##### RECORDED DATA #####
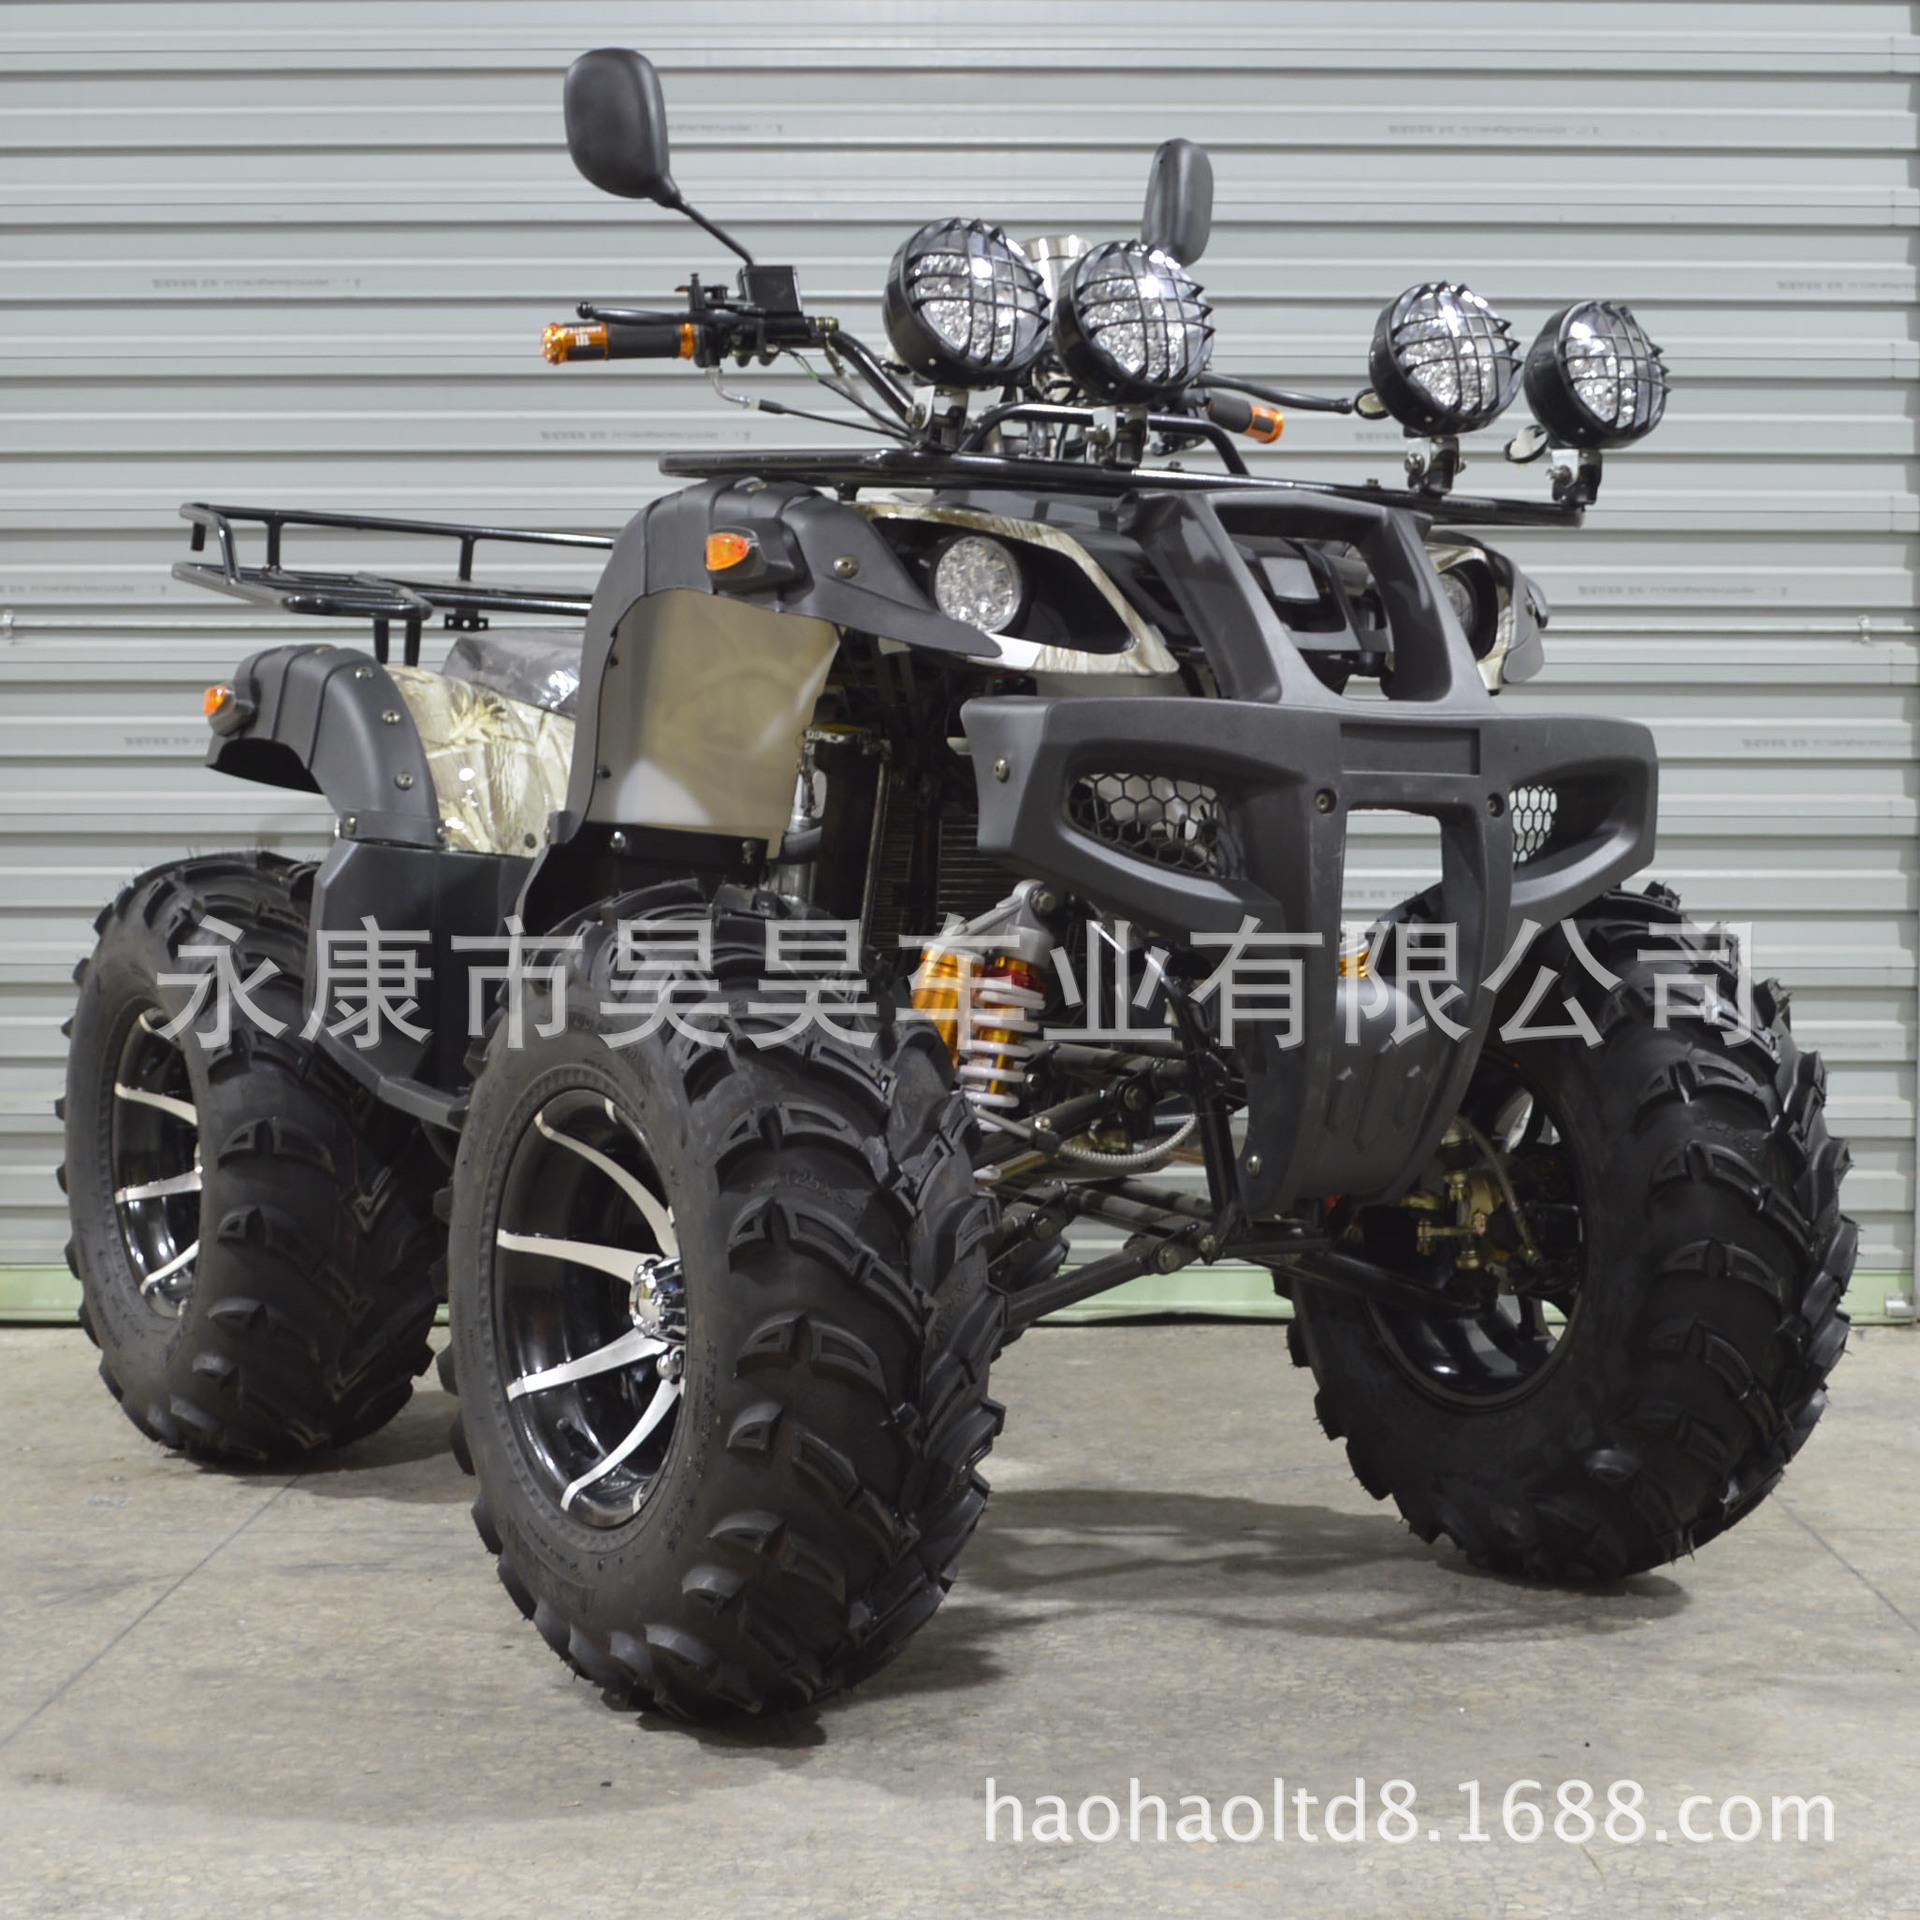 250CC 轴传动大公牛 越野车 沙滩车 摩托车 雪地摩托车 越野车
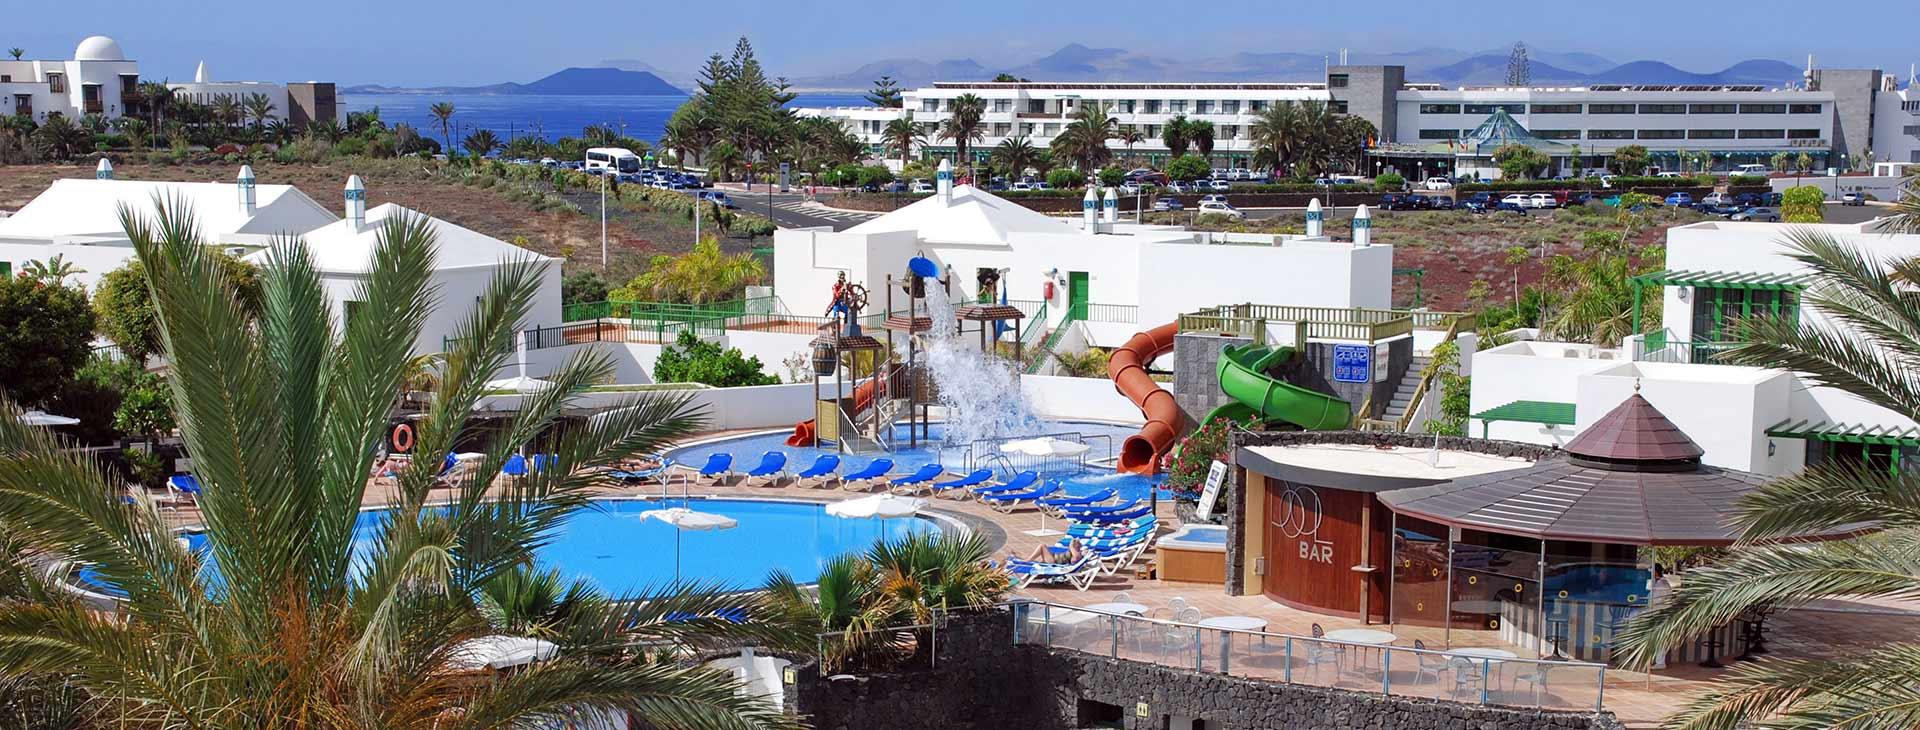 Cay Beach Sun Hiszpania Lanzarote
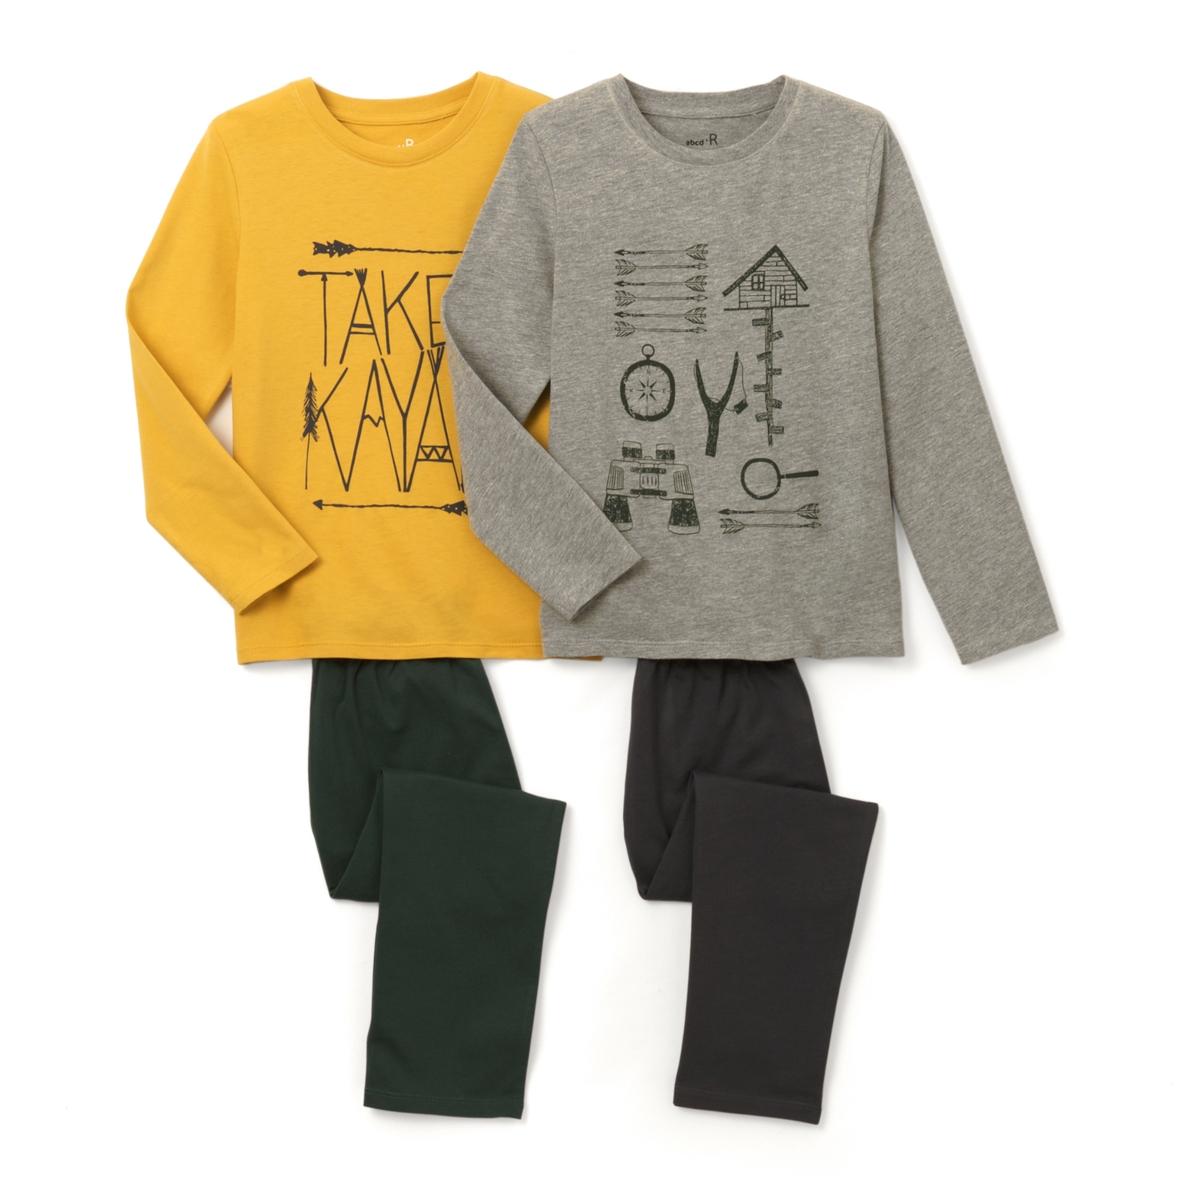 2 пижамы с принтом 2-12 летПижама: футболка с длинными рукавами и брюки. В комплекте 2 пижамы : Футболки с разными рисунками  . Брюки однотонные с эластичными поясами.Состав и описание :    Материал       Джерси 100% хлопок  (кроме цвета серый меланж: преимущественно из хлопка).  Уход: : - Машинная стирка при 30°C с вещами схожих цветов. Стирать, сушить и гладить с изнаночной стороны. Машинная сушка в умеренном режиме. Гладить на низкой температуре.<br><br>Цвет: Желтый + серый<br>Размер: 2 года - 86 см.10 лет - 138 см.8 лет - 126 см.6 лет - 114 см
#####
◆ EXERCISE BRIEF:
Only the lines from the one containing "Cay Beach Sun Hiszpania Lanzarote" through the end of the listing above should be reproduced, exactly as they stand. Leave the pictures out.

◆ SOLVED EXERCISE:
 Cay Beach Sun Hiszpania Lanzarote
 2 пижамы с принтом 2-12 летПижама: футболка с длинными рукавами и брюки. В комплекте 2 пижамы : Футболки с разными рисунками  . Брюки однотонные с эластичными поясами.Состав и описание :    Материал       Джерси 100% хлопок  (кроме цвета серый меланж: преимущественно из хлопка).  Уход: : - Машинная стирка при 30°C с вещами схожих цветов. Стирать, сушить и гладить с изнаночной стороны. Машинная сушка в умеренном режиме. Гладить на низкой температуре.<br><br>Цвет: Желтый + серый<br>Размер: 2 года - 86 см.10 лет - 138 см.8 лет - 126 см.6 лет - 114 см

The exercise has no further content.